High volume rep accumulation similar to a fight gone bad style workout. The goal is to accumulate as much work as you can each minute given. Scale loads to something that is “light” so the intended stimulus can be met.
50 jumping jack
50 seal jack
_________
10 ground to overhead (touch toes stand tall reach overhead)
10 step back lunge
5 scap pull up
10 kipping swing
2 rounds
___________
10 KB sumo deadlift high pull
10 V up
5/4 cal row
5 single arm press each arm
3 rounds
RXConditioning:
Turkey Burner
1:00 SDHP (75/55lb.)
1:00 V Up complex (1 Right arm + left leg, 1 Left arm + Right leg, 1 both)
1:00 Row
1:00 Strict Press (75/55lb.)
1:00 REST
5 rounds for max reps
Intermediate:
1:00 SDHP (55/40lb.)
1:00 V Up complex (1 Right arm + left leg, 1 Left arm + Right leg, 1 both)
1:00 Row
1:00 Strict Press (55/40lb.)
1:00 REST
5 rounds for max reps
Baseline:
1:00 SDHP (15/10lb KB or DB)
1:00 V Up complex (1 Right arm + left leg, 1 Left arm + Right leg, 1 both)
1:00 Row
1:00 Strict Press (15/10lb.
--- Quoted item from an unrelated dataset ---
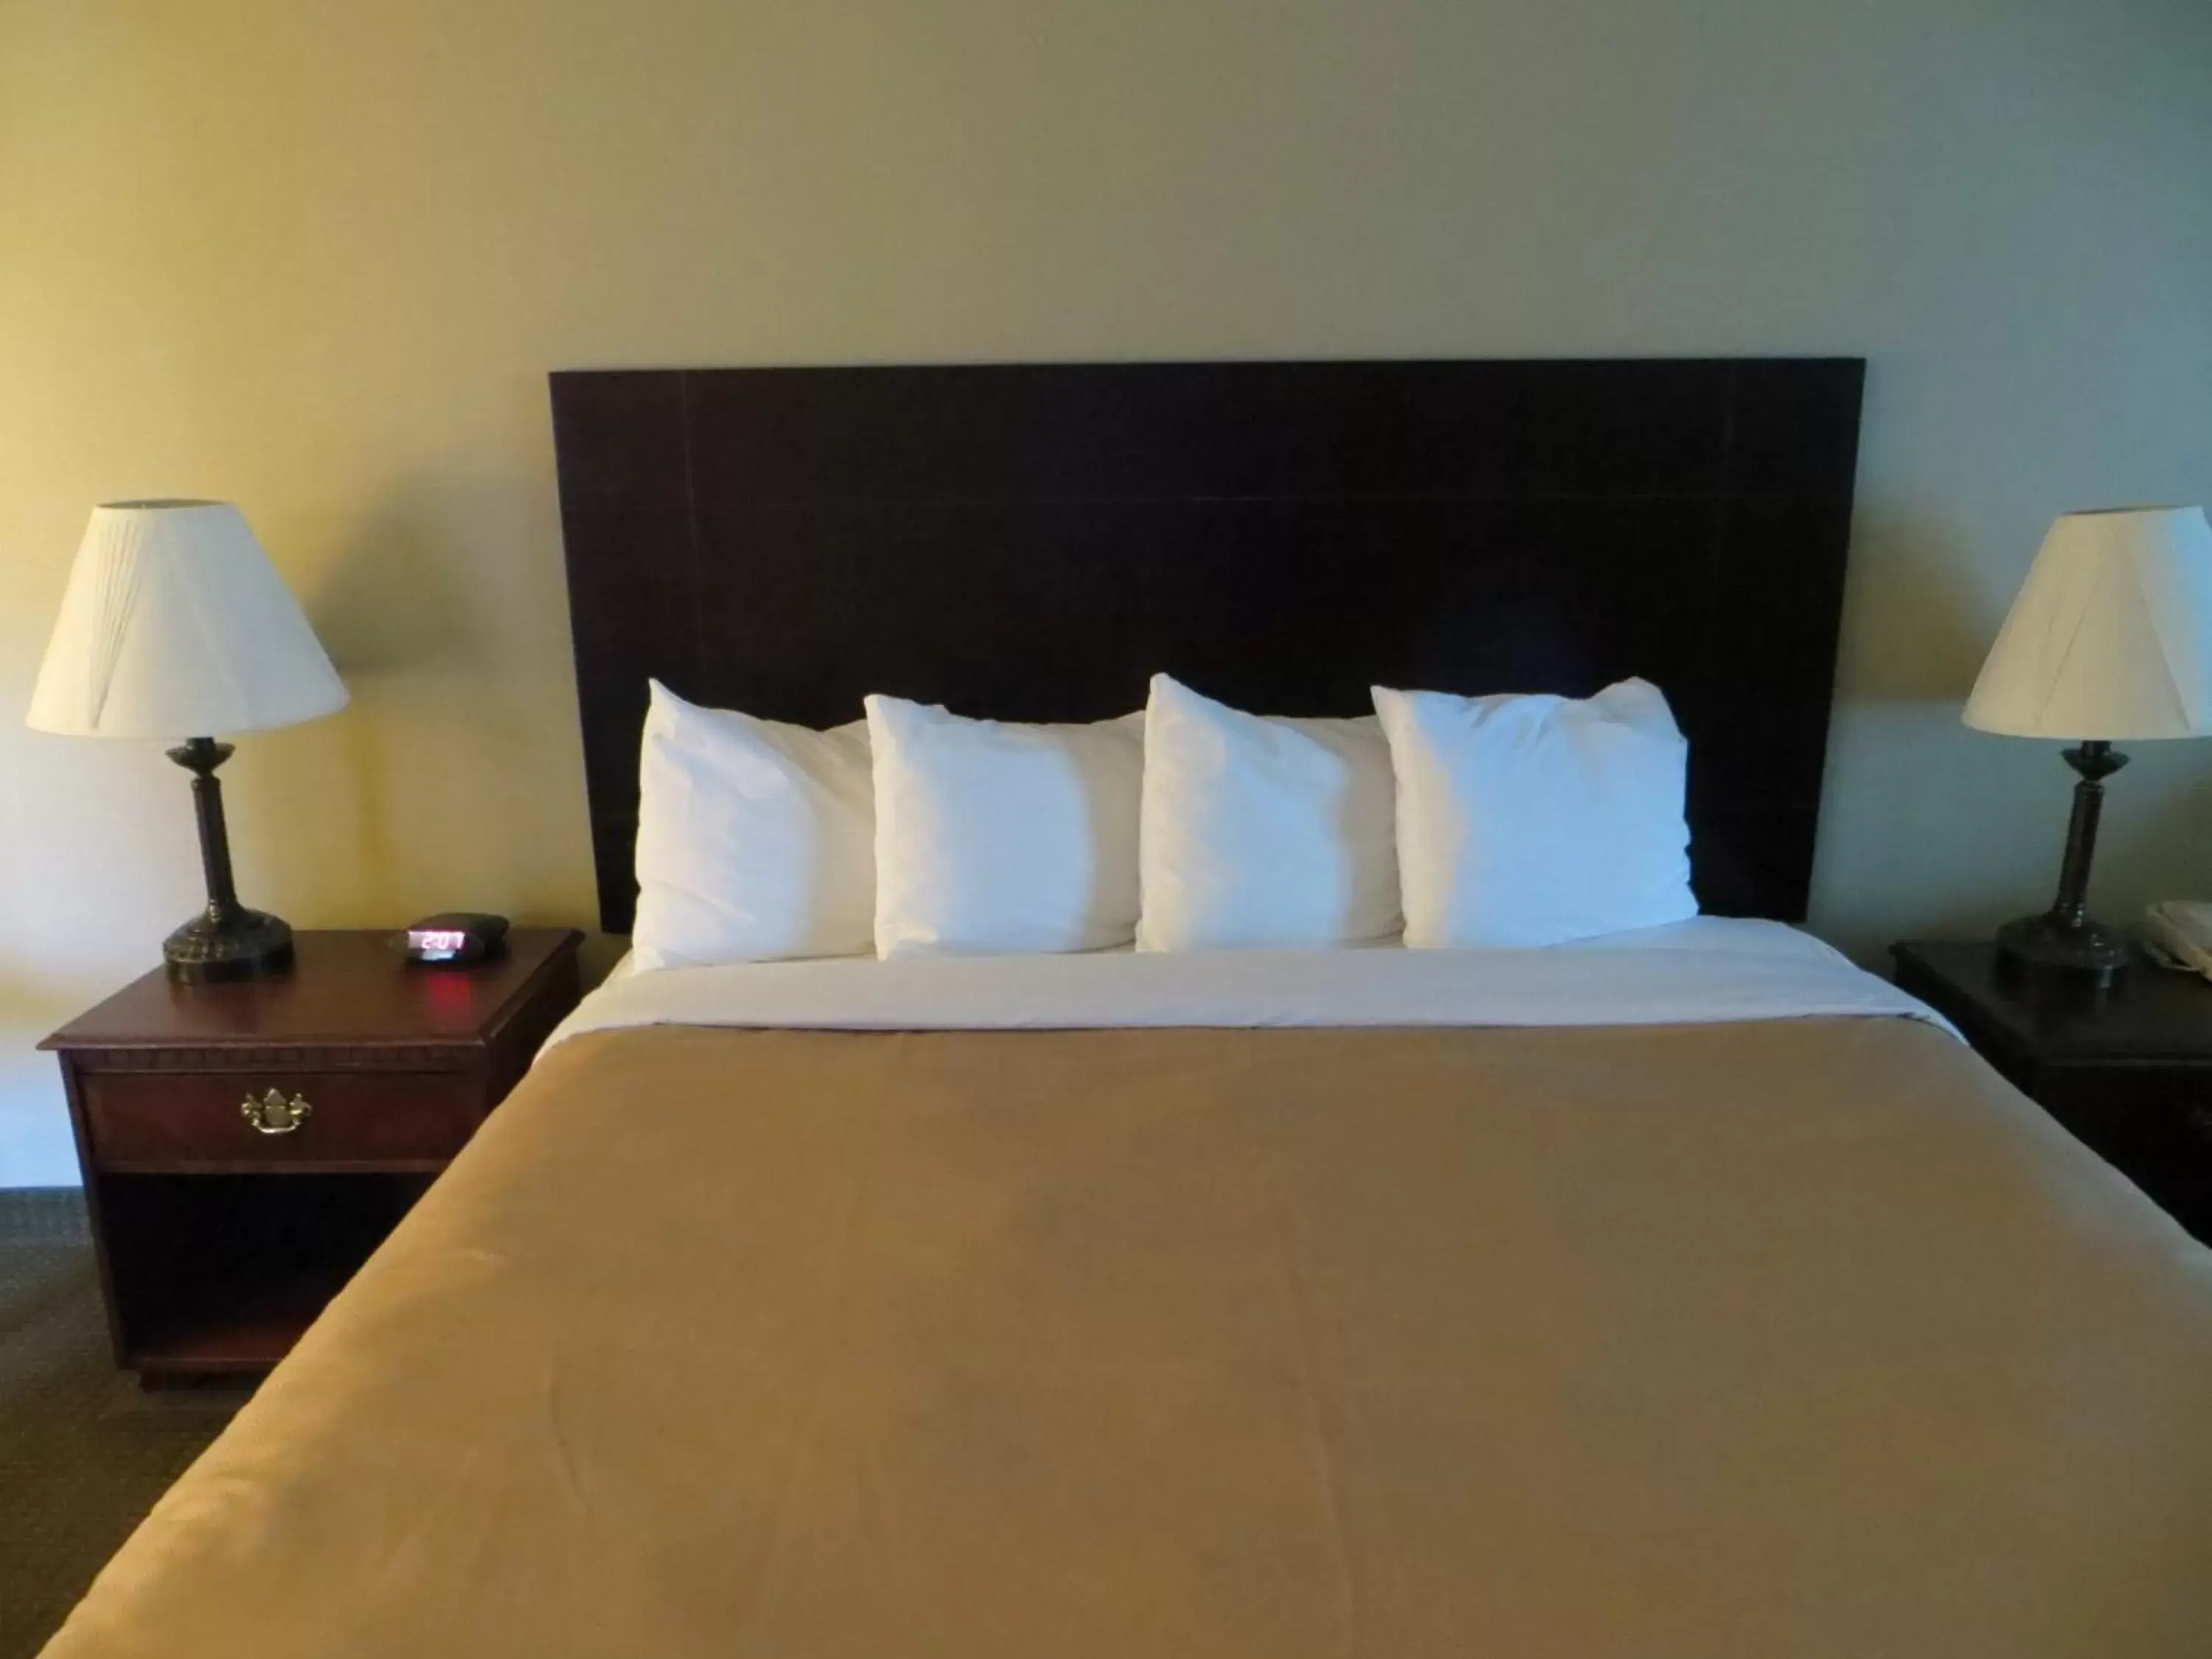 Bed in Quality Inn Winder, GA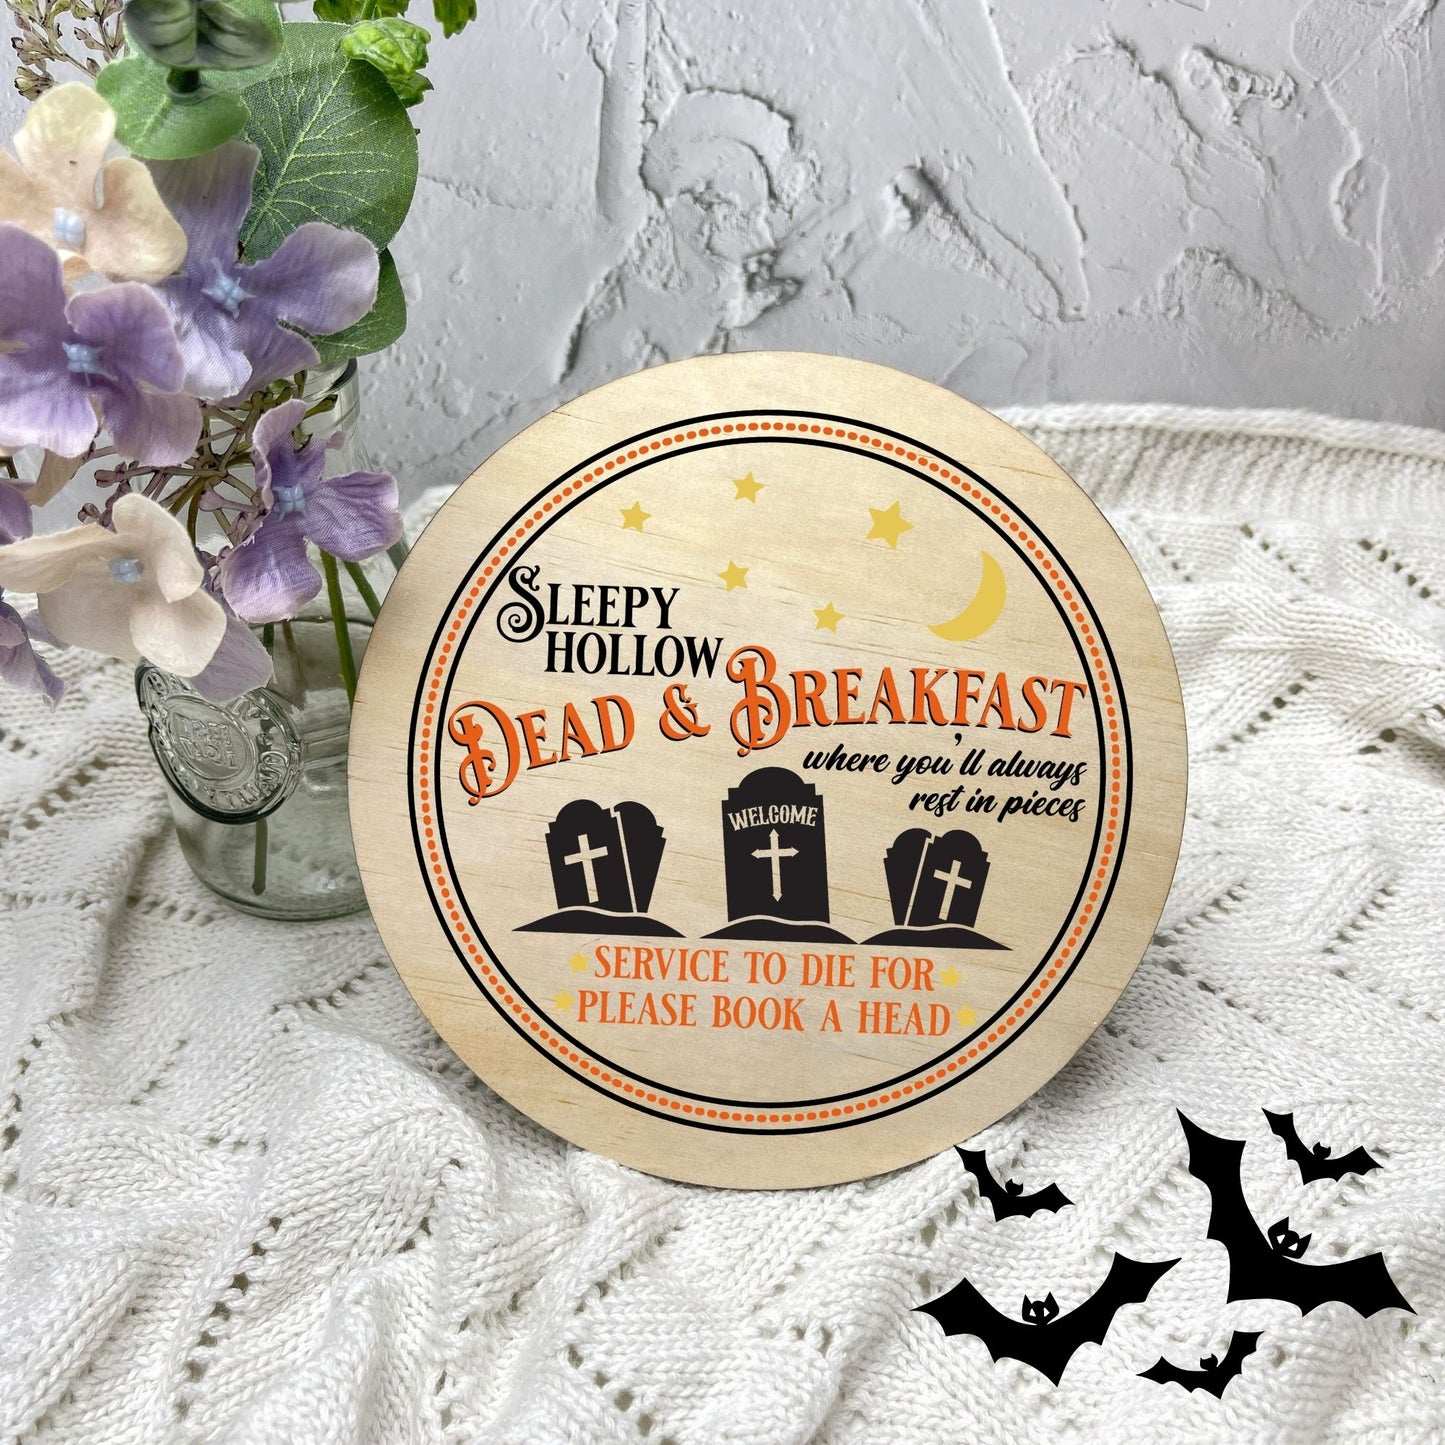 Sleepy Hollow Dead and Breakfast sign, Halloween Decor, Spooky Vibes, hocus pocus sign, trick or treat decor, haunted house h30

KB or DB)
1:00 REST
5 rounds for max reps
1:00 couch stretch each leg
1:00 pigeon each leg
:30 pec stretch each arm
2:00 Bike or Bike
2:00 10 Plank shoulder tap + 10 Banded pass through + 10 mountain climbers
2:00 Row or Bike
2:00 10 weighted side bends each side + 10 Alternating loaded or unloaded curtsy lunge
2:00 Bike or Row
2:00 10 GHD Hip extension or banded good morning + 10 DB cuban press
2-3 rounds (24-36 minutes)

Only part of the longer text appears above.